While a consensus among new Keynesian economists would support the
new Keynesian style of monetary policy outlined above, there remain doubters.
For example, Stiglitz (1993, pp. 1069–70) prefers a more flexible approach
to policy making and argues:
Changing economic circumstances require changes in economic policy, and it is
impossible to prescribe ahead of time what policies would be appropriate … The
reality is that no government can stand idly by as 10, 15, or 20 percent of its
workers face unemployment … new Keynesian economists also believe that it is
virtually impossible to design rules that are appropriate in the face of a rapidly
changing econ
Other policy implications
For those new Keynesians who have been developing various explanations of
real wage rigidity, a number of policy conclusions emerge which are aimed
specifically at reducing highly persistent unemployment (Manning, 1995;
Nickell, 1997, 1998). The work of Lindbeck and Snower (1988b) suggests
that institutional reforms are necessary in order to reduce the power of the
insiders and make outsiders more attractive to employers. Theoretically conceivable
power-reducing policies include:
1. a softening of job security legislation in order to reduce the hiring and
firing (turnover) costs of labour; and
2. reform of industrial relations in order to lessen the likelihood of strikes.
Policies that would help to ‘enfranchise’ the outsiders would include:
1. retraining outsiders in order to improve their human capital and marginal
product;
2. policies which improve labour mobility; for example, a better-functioning
housing market;
3. profit-sharing arrangements which bring greater flexibility to wages;
4. redesigning of the unemployment compensation system so as to encourage
job search.
Weitzman (1985) has forcefully argued the case for profit-sharing schemes
on the basis that they offer a decentralized, automatic and market incentive
approach to encourage wage flexibility, which would lessen the impact of
macroeconomic shocks. Weitzman points to the experience of Japan, Korea
and Taiwan with their flexible payment systems which have enabled these
economies in the past to ride out the business cycle with relatively high
output and employment levels (see Layard et al., 1991, for a critique).
The distorting impact of the unemployment compensation system on unemployment
is recognized by many new Keynesian economists.

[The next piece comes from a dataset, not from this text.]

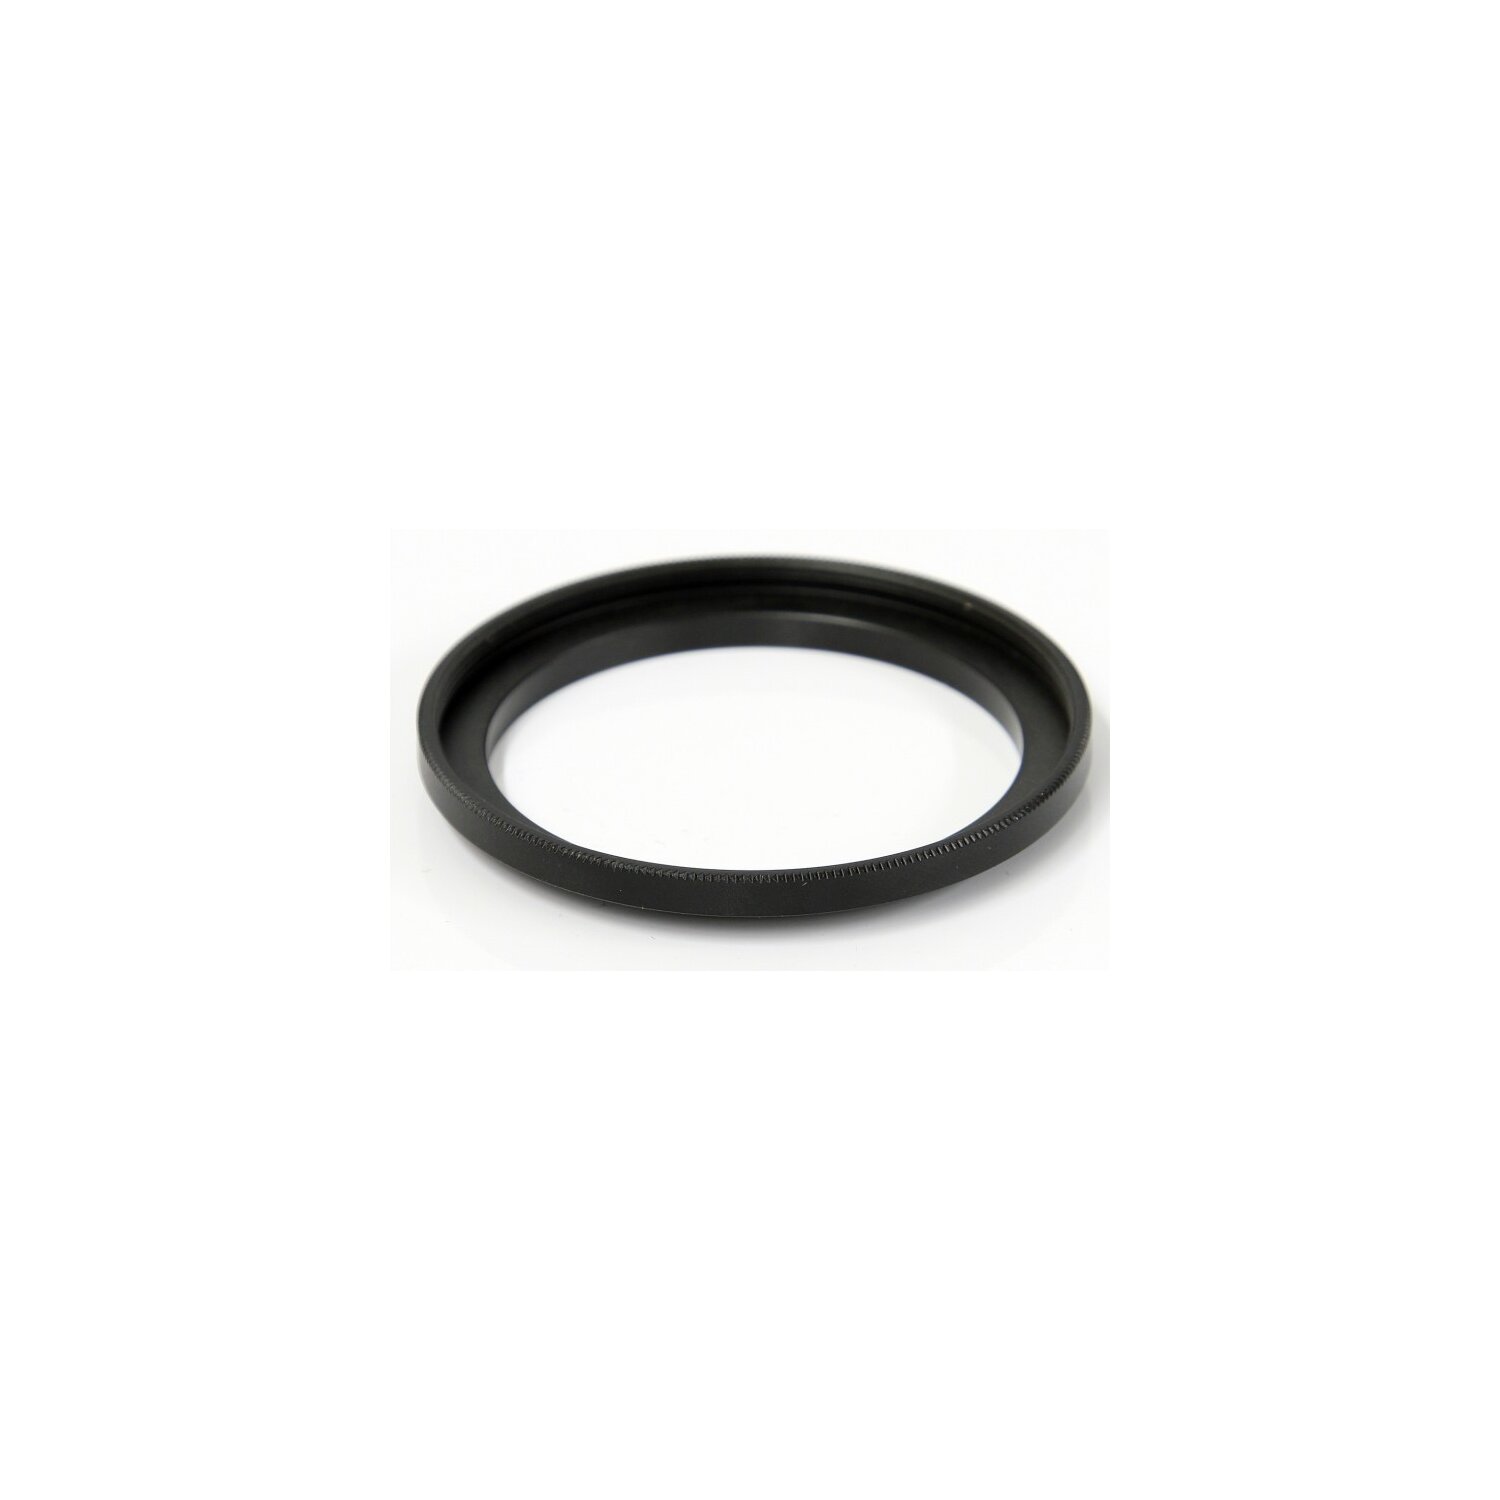 Adapterring 37,5mm - 52mm: 37,5mm Außengewinde und 52mm Innengewinde (Step Up Ring) - in schwarz
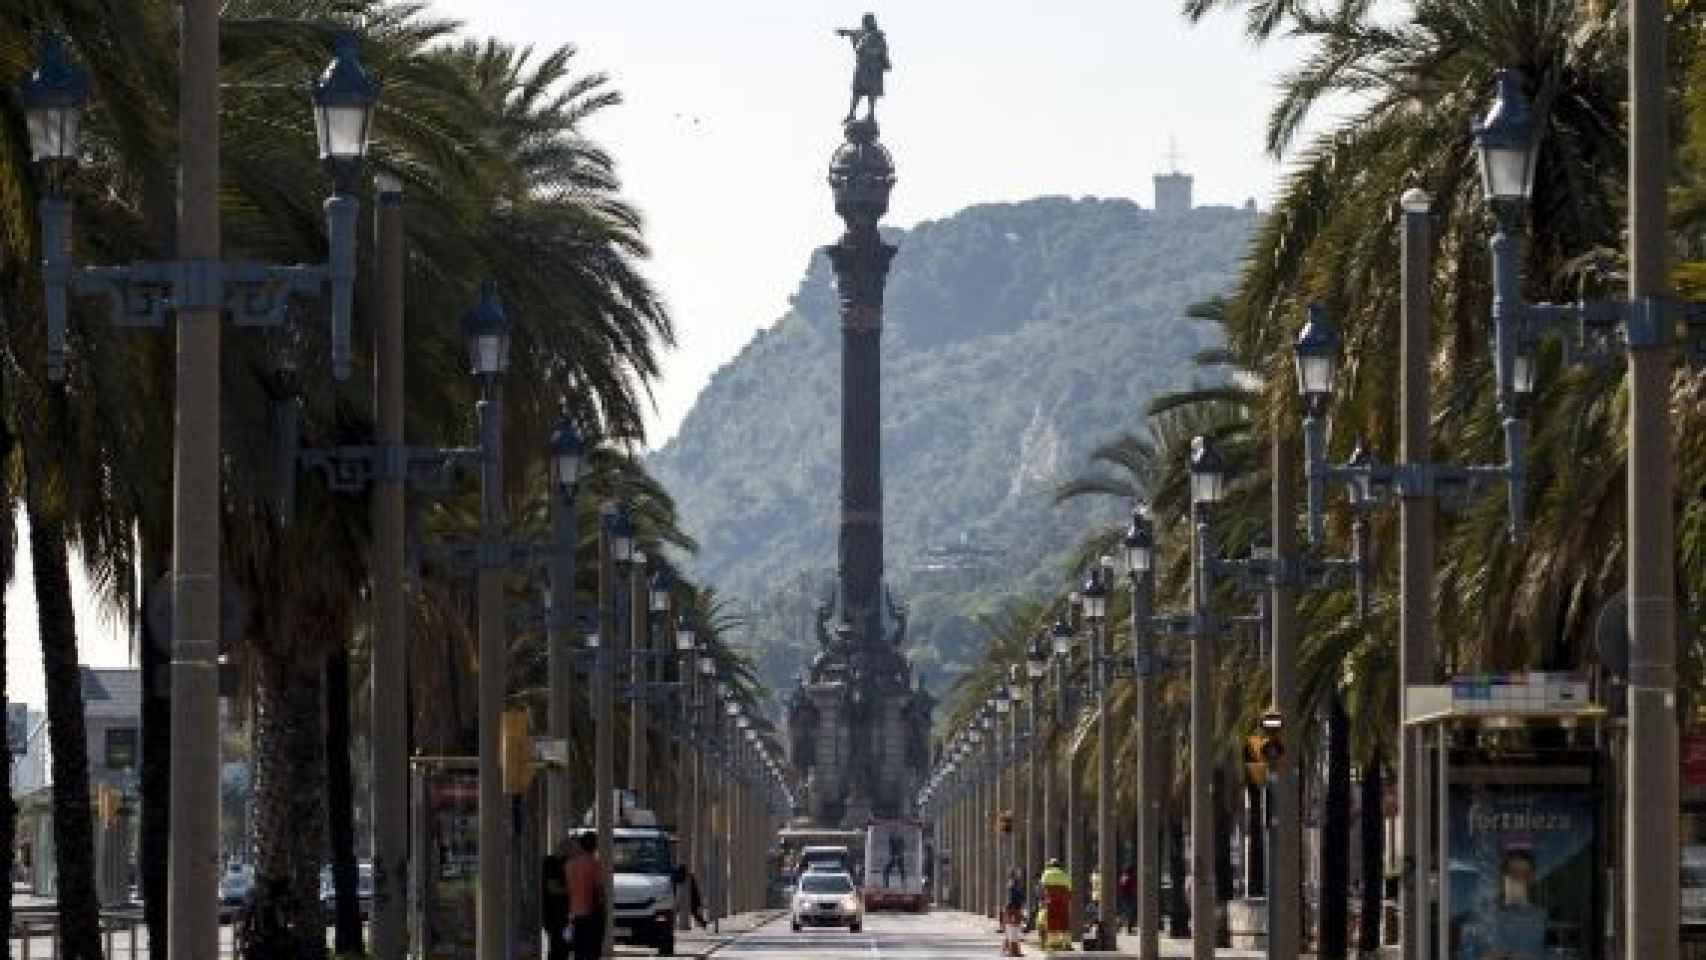 El monumento a Colón, al final del paseo, muy cerca de donde se encuentra la estatua de la gamba

A system
which provides compensation for an indefinite duration without any obligation
for unemployed workers to accept jobs offered seems most likely to
disenfranchise the outsiders and raise efficiency wages in order to reduce
shirking (Shapiro and Stiglitz, 1984). In the shirking model the equilibrium
level of involuntary unemployment will be increased if the amount of unemployment
benefit is raised. Layard et al. (1991) also favour reform of the
unemployment compensation system (see Atkinson and Micklewright, 1991,
for a survey of the literature).
Some new Keynesians (particularly the European branch) favour some
form of incomes policy to modify the adverse impact of an uncoordinated
wage bargaining system; for example, Layard et al. (1991) argue that ‘if
unemployment is above the long-run NAIRU and there is hysteresis, a temporary
incomes policy is an excellent way of helping unemployment return to
the NAIRU more quickly’ (see also Galbraith, 1997). However, such policies
remain extremely contentious and most new Keynesians (for example,
Mankiw) do not feel that incomes policies have a useful role to play.